Although Cohen was involved in a crime in preventing information from surfacing relevant to the election by basically bribing eyewitnesses, Trump’s crime was not exactly the same. If you considered getting his ex-lovers to remain quiet to be a campaign expense, he would have been within his rights to spend money on it. Trump’s crime would be in not reporting it to the Federal Election Commission.

While some are arguing that neglecting to report a couple hundred thousands of dollars in campaign expenses is a relatively minor crime, that is not really true. Former presidential candidate John Edwards was prosecuted for similar payments, to his lover Rielle Hunter, and the only reason the Federal case failed was that prosecutors couldn’t prove the money was paid to keep the public from knowing about the affair, as opposed to keeping Mrs. Edwards in the dark. But given the timing of the payment to Ms. Daniels, and given the knowledge and cooperativeness of Mr. Cohen, prosecutors who brought Trump up on charges would almost certainly prevail.

Trump is, of course, unlikely to be put on trial while in the presidency. He could, however, end up being deposed, just as Bill Clinton was, and then he would either have to admit the affair and the payoff or continue to lie about them. The latter course of action, given Cohen’s own plea, would certainly be perjury.

If Democrats can take the House in November, they could launch an investigation that would throw up further evidence for Trump law-breaking, or which might tempt him to continue lying, which could become perjury if he did it in formal circumstances.

The crux may be a matter of public opinion more than legal, in the end. Above all, the likelihood that Trump’s evangelical base can go on pretending he doesn’t have serial affairs, and can go on denying the swampy corruption at the center of this administration, is low. And without that base, Trump has almost nothing.

Trump has been clever about having the people around him take the fall, a fate he likely will inflict on his own son, Don Jr., with regard to the meeting with the Russian government agent Natalia Veselnitskaya at Trump Tower in summer of 2016.
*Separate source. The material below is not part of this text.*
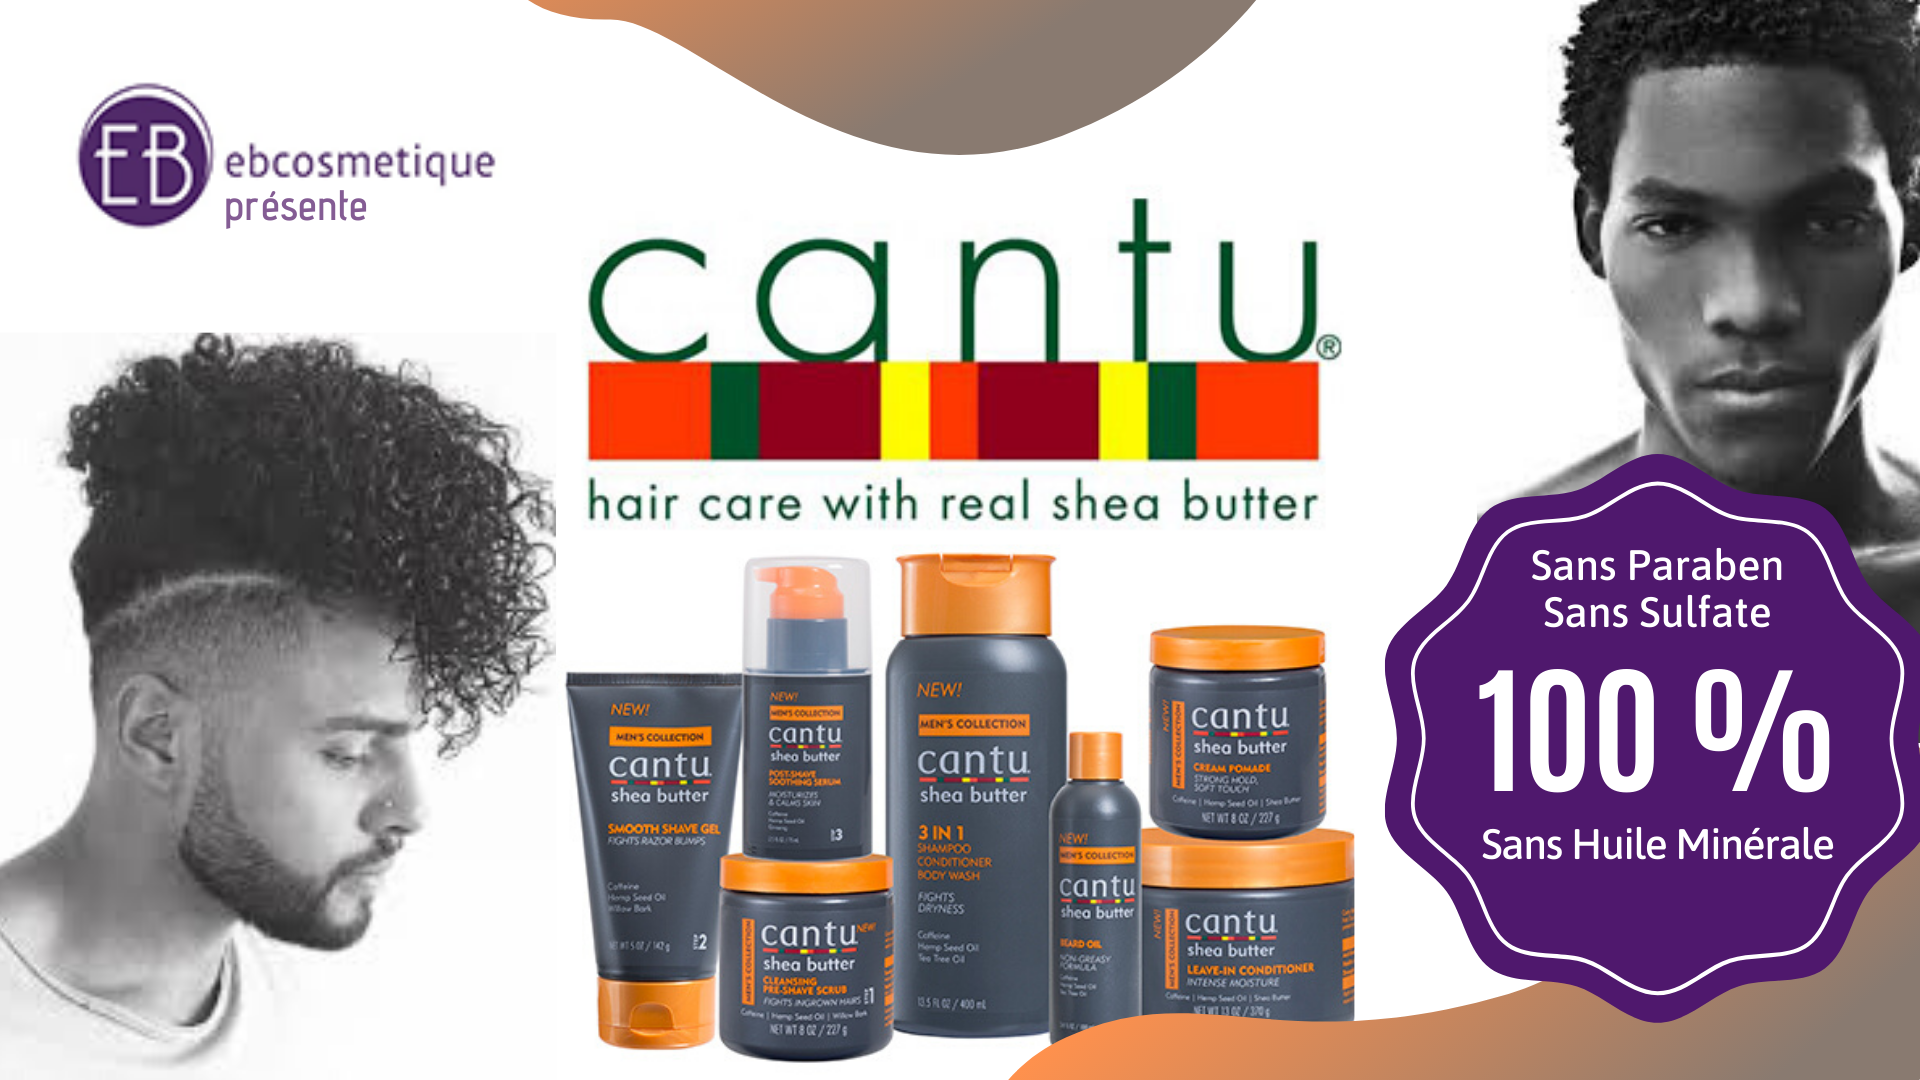 fiche produit ebcosmetique cantu shea butter natural hair men’s collection leave-in conditioner intense moisture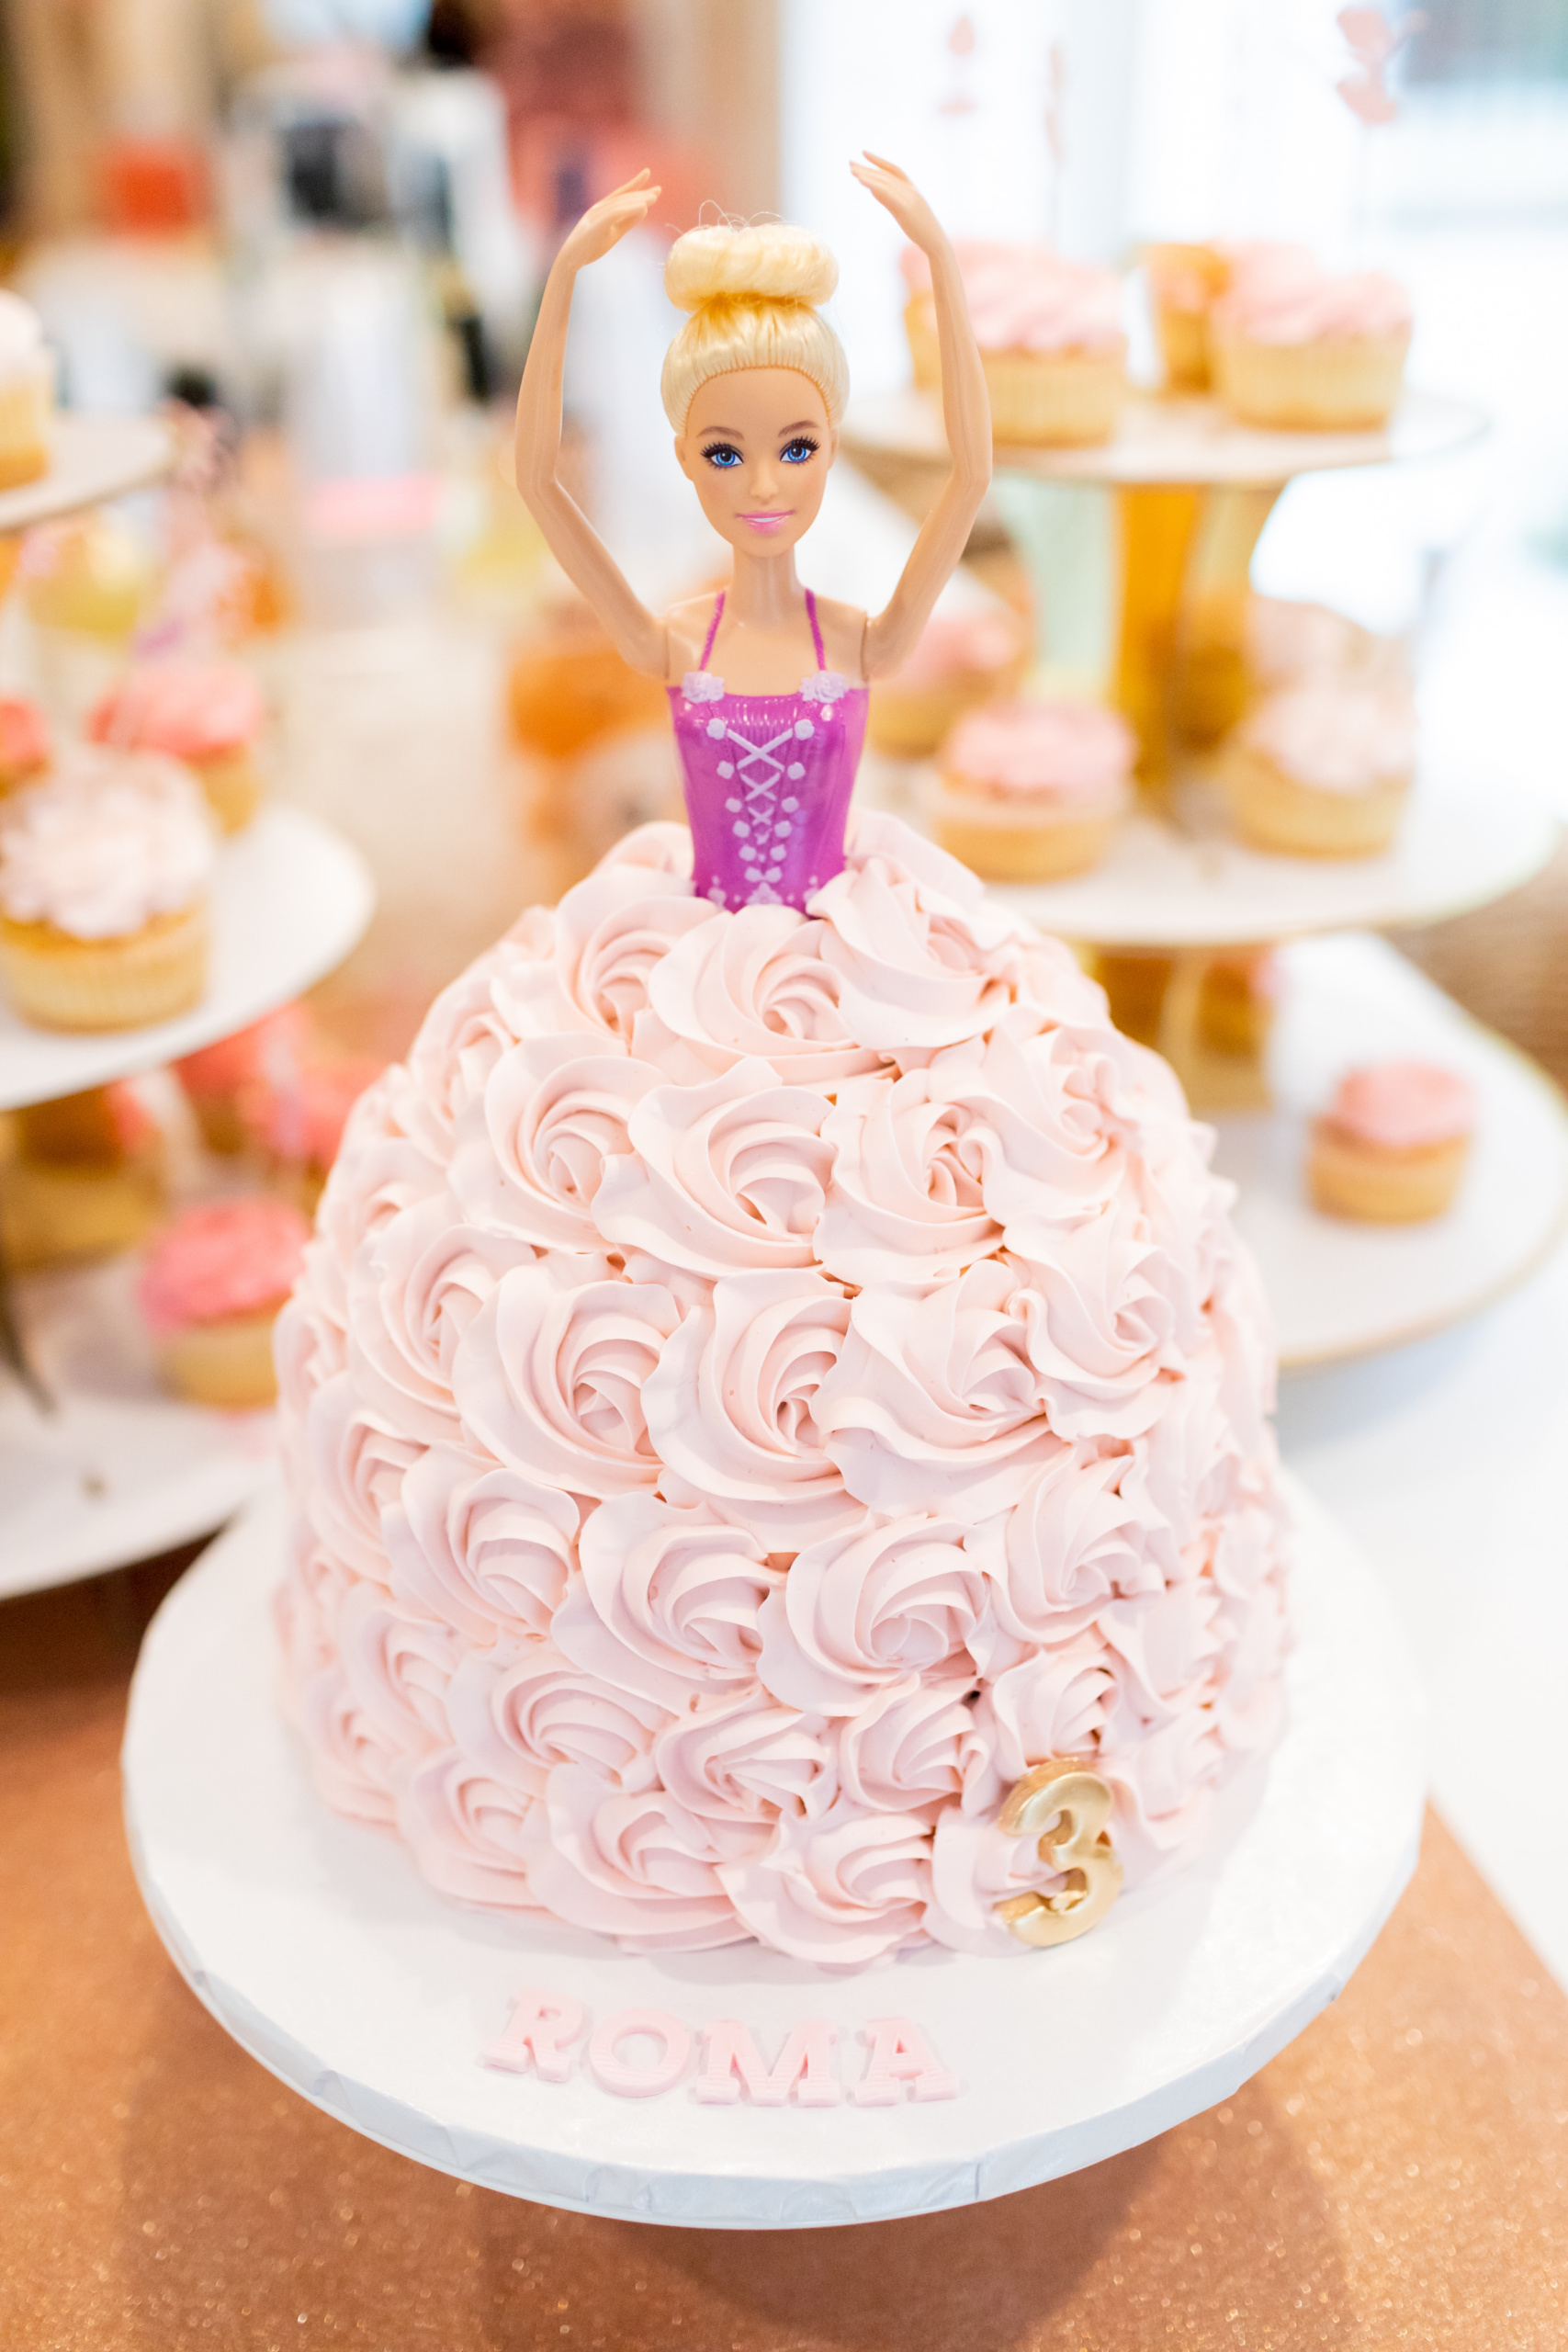 Quick & Beautiful Princess Cake Design Tutorial  Barbie Doll Dress Cake  Decorating Ideas #3

But with Cohen’s plea, for the first time someone has laid a hand on Trump himself. There are almost certainly emails or recordings to back Cohen up.

For the first time since Watergate, the president is an unindicted co-conspirator in a crime under continued investigation. Whether or not impeachment is ultimately in the offing, Trump’s crippled presidency just became a quadriplegiac and is now living on borrowed time, one way or another. And, it seems certain that when he goes out of office, he is going to prison for crimes committed in and prosecuted by New York state.